YOUR GOAL: Write out the data word for word and omit every picture.

#### RECORDED INFORMATION

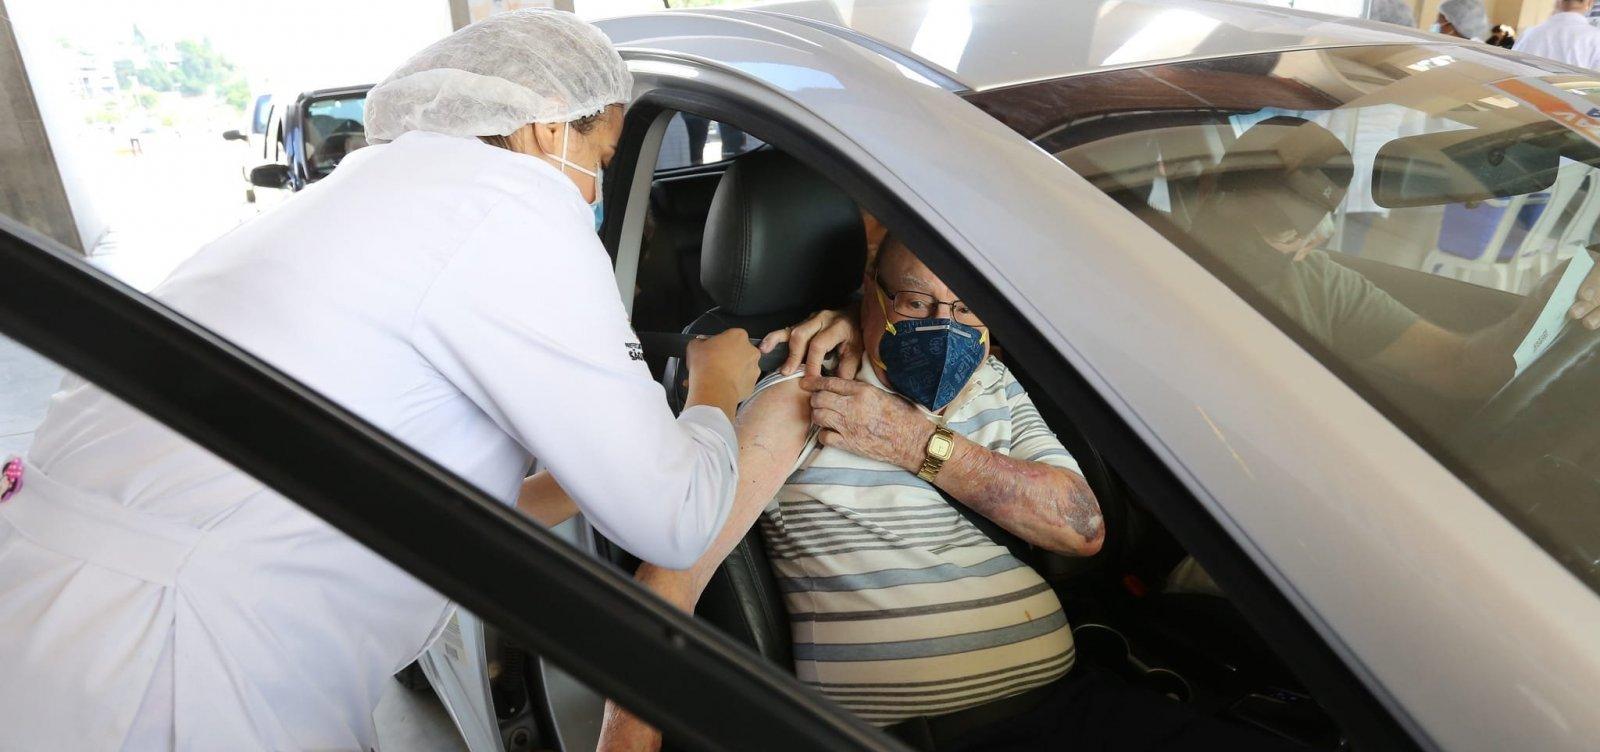 Brasil já vacinou 4,58 milhões de pessoas, diz consórcio de imprensa
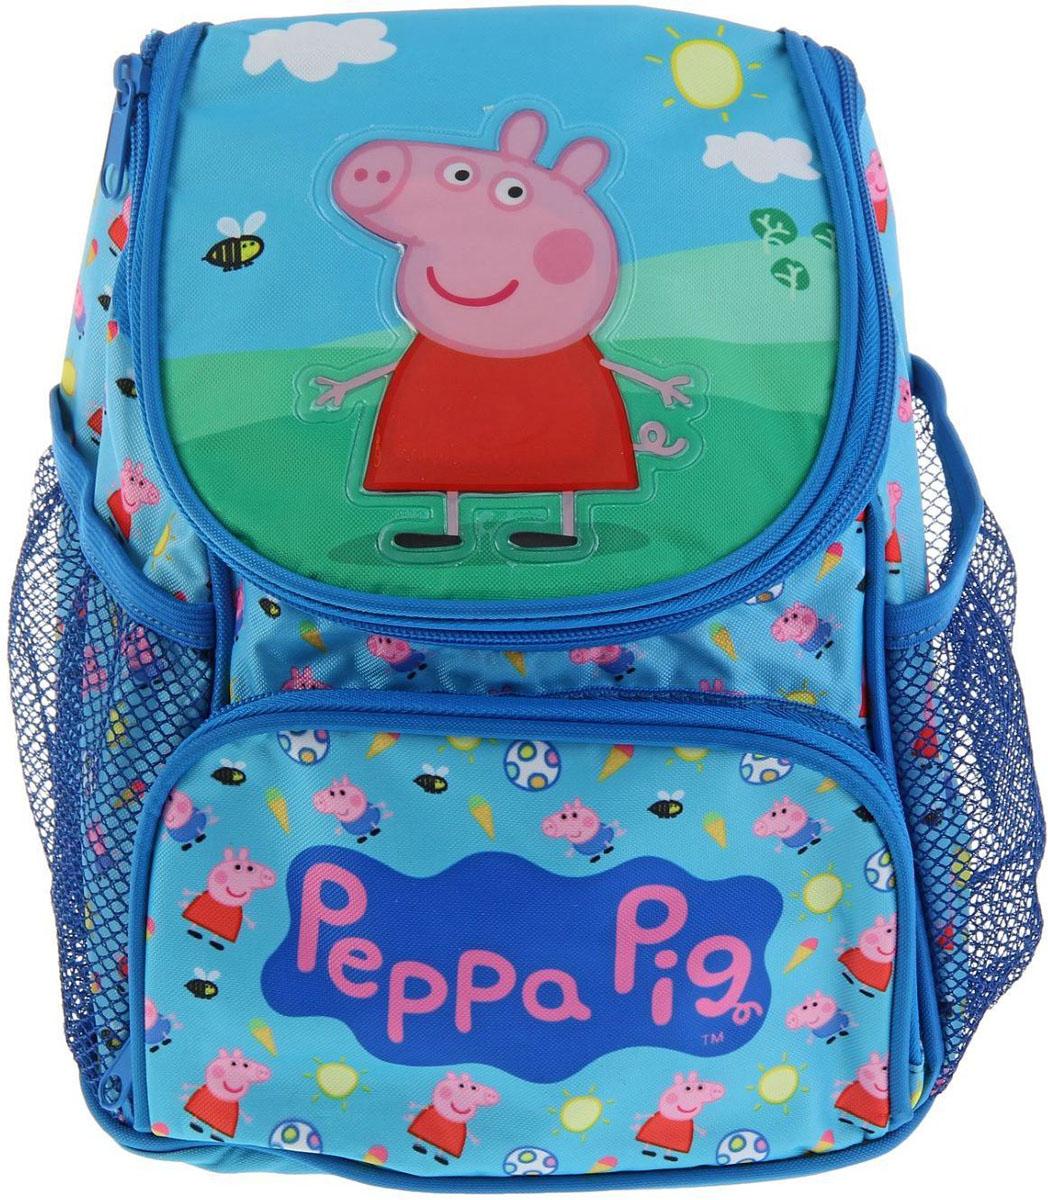 Peppa Pig Рюкзак детский Свинка Пеппа1416885Яркий, пёстрый и невероятно милый Рюкзачок детский Свинка Пеппа 23*19*8 см позволит вашему чаду почувствовать себя самостоятельным, приучит его к аккуратности и дисциплине.Такой изысканный текстильный мини-рюкзак девочки могут использовать как косметичку, складывая туда детскую помаду и блёстки. А парни с удовольствием положат туда несколько любимых машинок и футбольный мяч или, позабыв обо всём, будут бегать с друзьями во дворе, поместив сумку себе за спину.Рюкзачок детский Свинка Пеппа 23*19*8 см — прекрасный подарок ребёнку на день рождения или стимул начать подготовку к новому учебному году. Осчастливьте своё дитя красивой и надёжной вещью, и его радостная улыбка будет для вас заслуженной наградой!
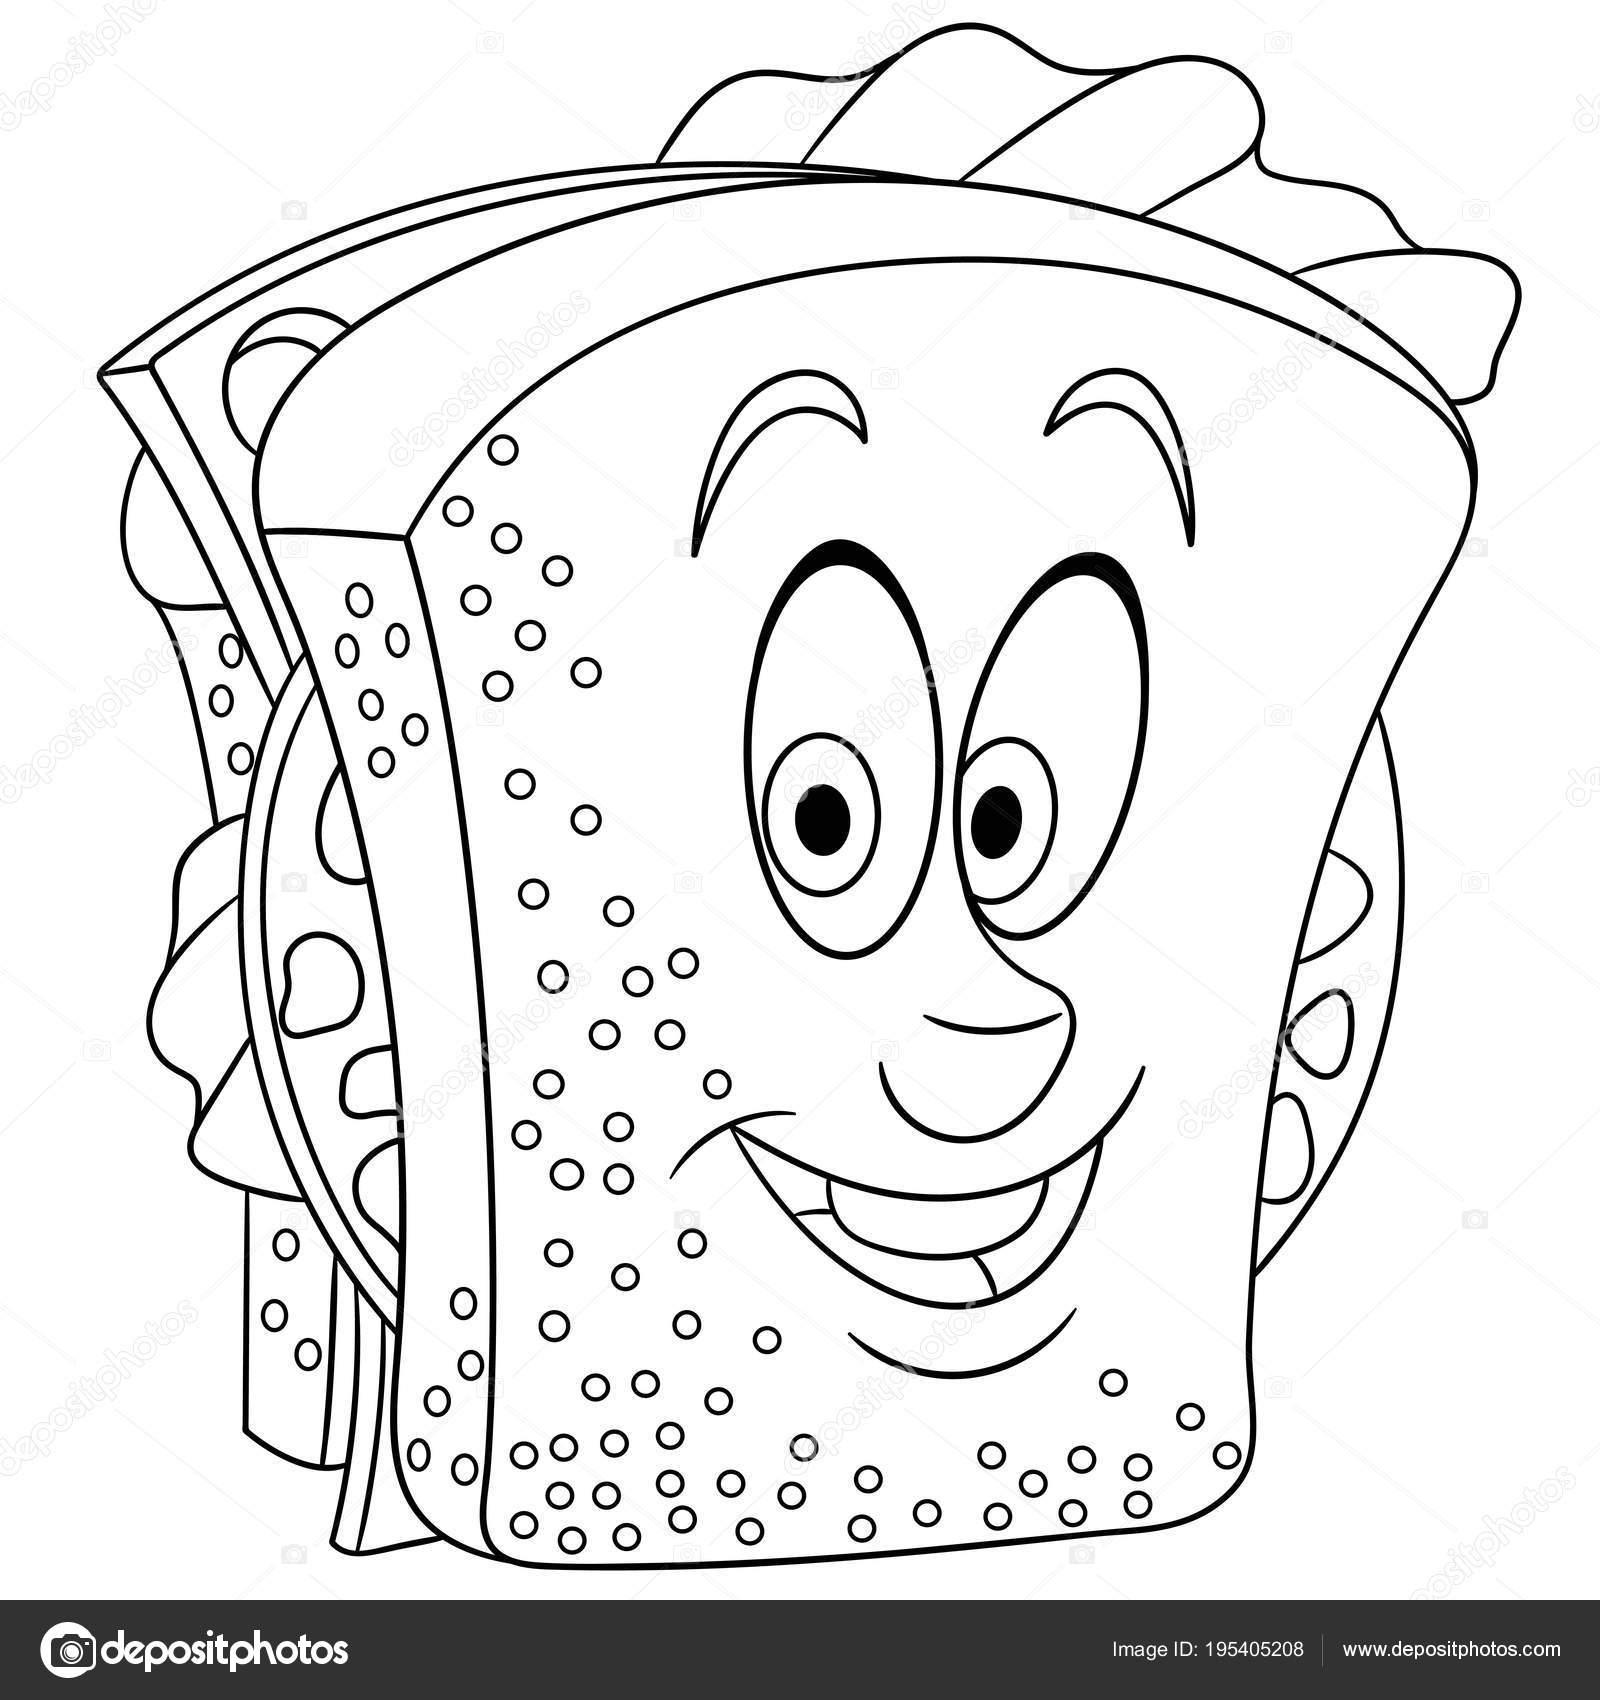 Boyama Kitabı Boyama Sayfası Boyama Resim Sandviç Stok Vektör

########

TASK RESULT:
 Brasil já vacinou 4,58 milhões de pessoas, diz consórcio de imprensa
 Peppa Pig Рюкзак детский Свинка Пеппа1416885Яркий, пёстрый и невероятно милый Рюкзачок детский Свинка Пеппа 23*19*8 см позволит вашему чаду почувствовать себя самостоятельным, приучит его к аккуратности и дисциплине.Такой изысканный текстильный мини-рюкзак девочки могут использовать как косметичку, складывая туда детскую помаду и блёстки. А парни с удовольствием положат туда несколько любимых машинок и футбольный мяч или, позабыв обо всём, будут бегать с друзьями во дворе, поместив сумку себе за спину.Рюкзачок детский Свинка Пеппа 23*19*8 см — прекрасный подарок ребёнку на день рождения или стимул начать подготовку к новому учебному году. Осчастливьте своё дитя красивой и надёжной вещью, и его радостная улыбка будет для вас заслуженной наградой!
 Boyama Kitabı Boyama Sayfası Boyama Resim Sandviç Stok Vektör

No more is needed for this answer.